You are adults, and if you're not technically an adult, you at least want to be treated like one. As such, all I can ask is that, if you use Adblock, please use it responsibly. What do I mean by that? Simple, you understand that while certain content creators insist on not being paid for what they provide for your entertainment or even insist you put up with a few ads, that is not the case for all, and it is unfair to judge or otherwise ostracize them for it. If you do not like the content someone produces on their site, nothing obliges you to continue visiting their site. If, however, you enjoy their content and frequent their pages, all we ask is that you acknowledge the time and effort put into their work, that there are real and legitimate expenses to producing even the most barebones text weblog. Your internet access bill does not offset those costs. That's access, not content. That's a road, not the stores along the road. After all, wouldn't you rather more of your money went to the sites you enjoy than simply everything all at once? Moreover, whatever you're unable to contribute to those sites can be aided by advertising. The point is you have options, very few of them essentially bad. 

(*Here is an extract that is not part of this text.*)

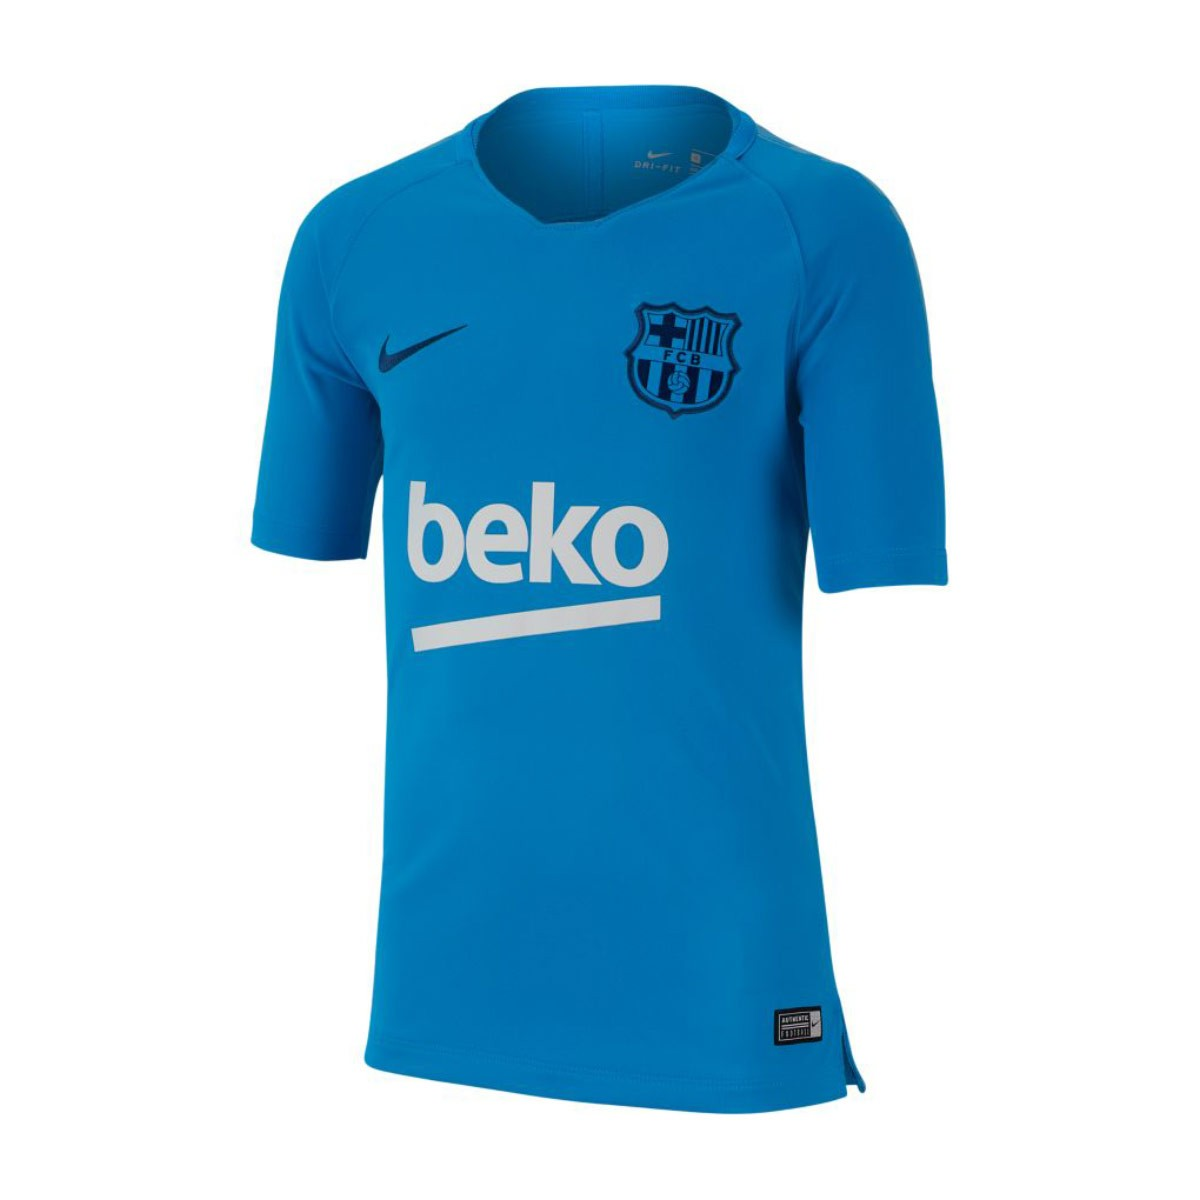 71578b7d066 Jersey Nike Kids FC Barcelona Squad 2018-2019 Equator blue-Coastal ...

Here's where I have to get a little mean: If you're upset by this, or you think what's being asked of you right now is unreasonable or unfair to you, or if you disagree with the outlooks and viewpoints I'm here advocating, that's fine. You are more than welcome to disagree with me, but I do want you to do something for me. I want you to get a piece of paper and something to write with (or open a new text file) and make an itemized list of what makes someone a sellout in your view. If someone says anything along the lines of what I've said above, put that there. If someone earns any amount of money from something you don't think is a proper job, put that there. If someone offers something for sale in addition to whatever they may give away, put that there. If someone takes on a sponsorship from an organization you dislike, put that there. Don't second-guess yourself, put it all on there, fill out that list, and see exactly how many people you can find that don't tick off a single box on it. If and when you do, tell as many people as you can about them, and ask if they agree with your findings. You may be surprised. 

Good night, and good luck. 

Full disclosure: I do not use Adblock. The closest thing to Adblock I use is the "block pop-ups" feature that's equipped with all browsers I've ever used. It does not hide banner ads and has no effect on the ads attached to videos. In fact, when a pop-up is detected, a bar appears asking me if I wish to allow the pop-ups to appear (it's opt-in, not opt-out, unlike Adblock's whitelist feature). I hate pop-up ads as much as you do, if not more. I feel that of all the types and styles of ads out there, the pop-ups are arguably the worst, the most distracting, and the most invasive form of advertising. In other words, I don't hate the message, only one particular medium for it.